Dans le cadre de ce qu’elle appelle sa «campagne de pression maximale», l’administration Trump a commencé à sanctionner les navires et les entreprises qui facilitent les expéditions de pétrole vénézuélien vers l’île depuis avril de l’année dernière. Deux des principaux ports du pays, La Havane et Santiago de Cuba, font également l’objet de poursuites Helms-Burton.

“Il est arrivé au point que nous devions acheter un navire qui était près de nos côtes … avec notre carburant à l’intérieur”, a déclaré Rodríguez parce que “l’armateur a refusé d’accoster.”

Autres effets connexes sur l’île, a-t-il déclaré: La suspension des croisières américaines à Cuba, une autre mesure prise par le gouvernement américain en juin dernier, a restreint l’accès de l’île aux dollars.

En septembre dernier, le dirigeant cubain Miguel Díaz-Canel a annoncé à la télévision en direct que les sanctions avaient coupé les livraisons de pétrole du pays ce mois-ci. Depuis lors, le gouvernement a imposé des mesures d’austérité, entraînant de longues files d’attente dans les stations-service et des coupures dans les services de bus et de train.

Cuba perd un investisseur dans un système ferroviaire

Dans l’émission de mardi, Rodriguez a déploré qu’une autre entreprise étrangère, qui travaillait depuis deux ans pour moderniser les chantiers qui réparent et entretiennent les chemins de fer vieillissants de l’île, se soit également retirée.

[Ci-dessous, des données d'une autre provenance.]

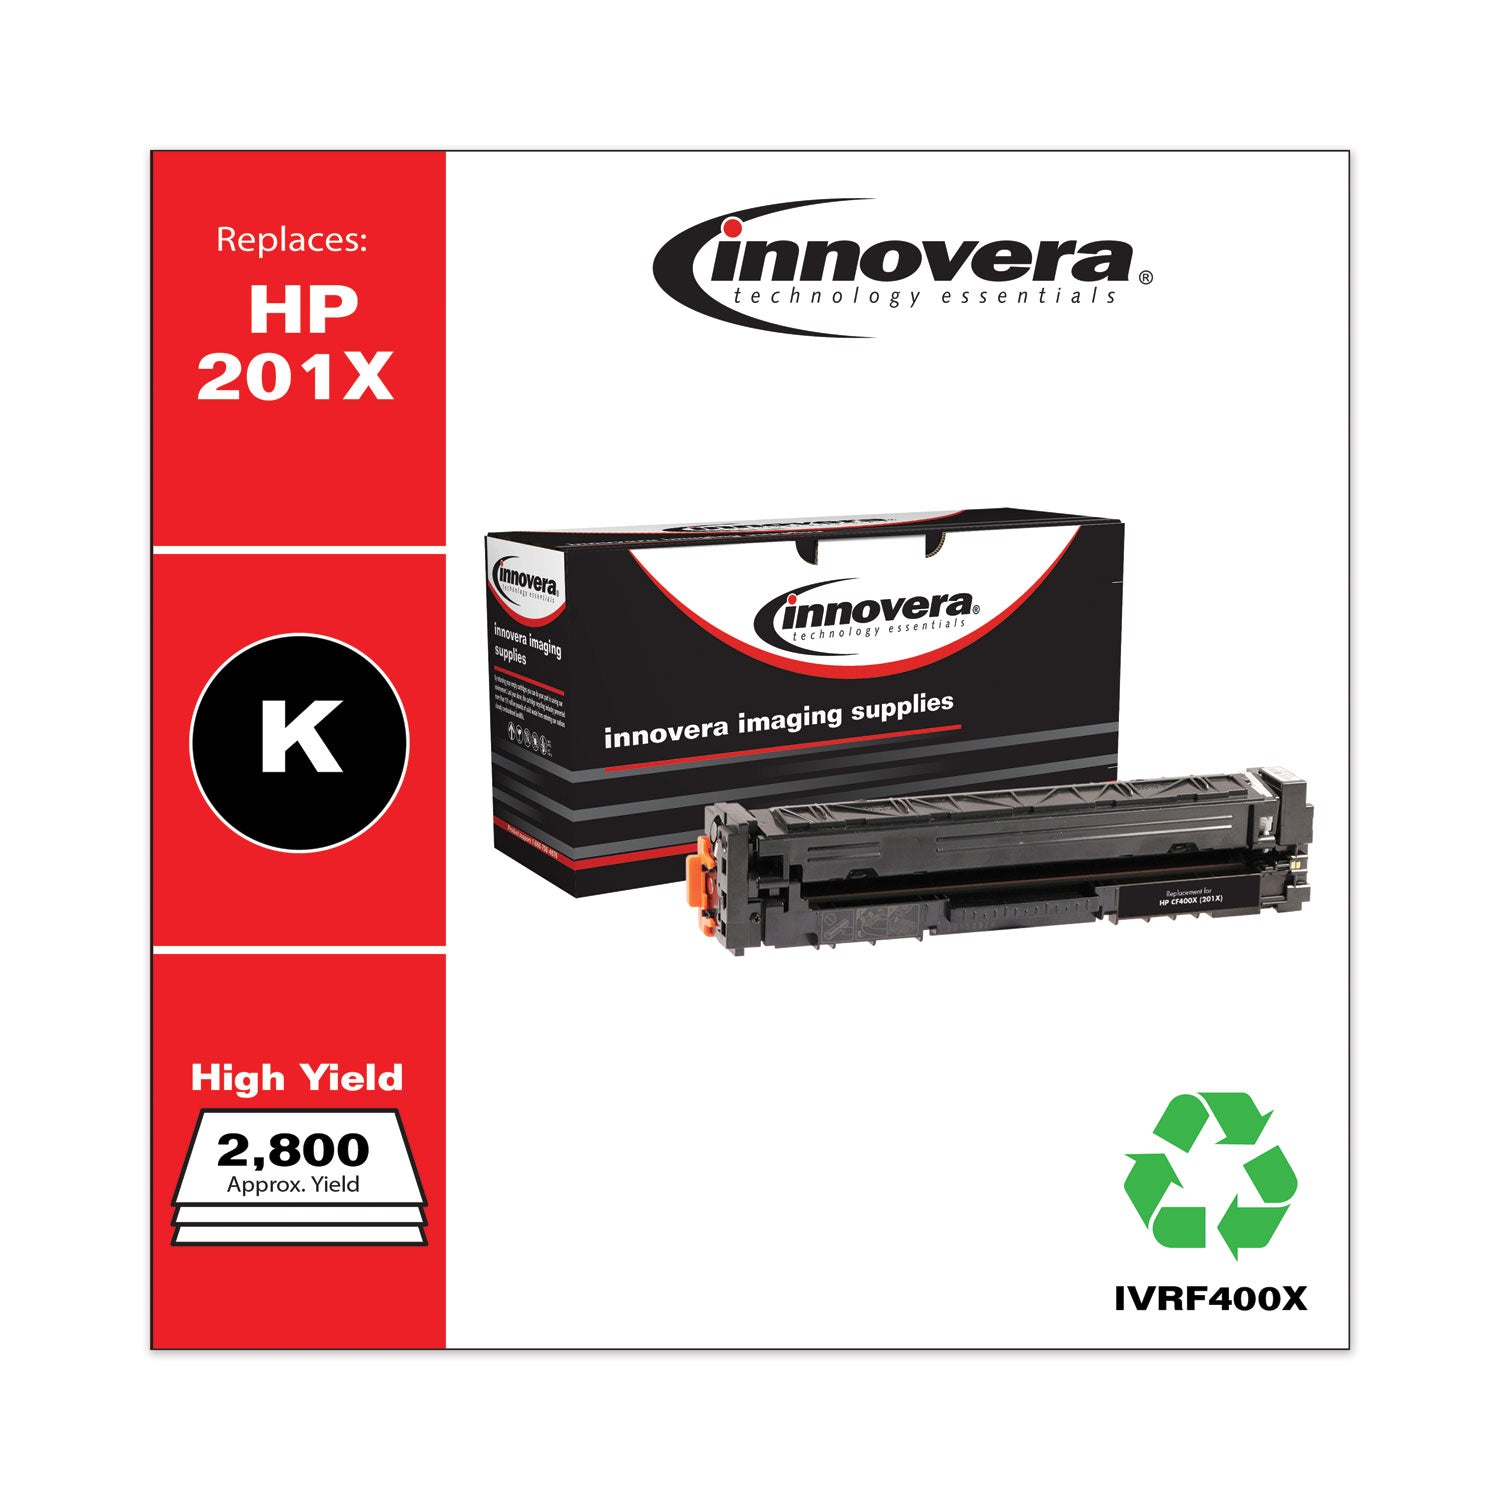 remanufactured-black-high-yield-toner-replacement-for-201x-cf400x-2800-page-yield-ships-in-1-3-business-days_ivrf400x - 2

Le ministre des Transports a également lu la lettre adressée au gouvernement cubain par le directeur de cette société.

“Nos avocats estiment que malgré les changements qu’ils ont apportés au projet pour assurer sa sécurité en vertu de la loi Helms-Burton, des doutes subsistent quant aux conditions de son application par les juges des Etats-Unis”, indique la lettre.

Rodriguez n’a pas identifié l’entreprise, mais en 2018, la Société nationale des chemins de fer français a annoncé un projet de 40 millions d’euros pour moderniser deux chantiers d’entretien de locomotives à La Havane et à Camagüey. Mercredi, la société d’État française n’a pas répondu à une demande de commentaires.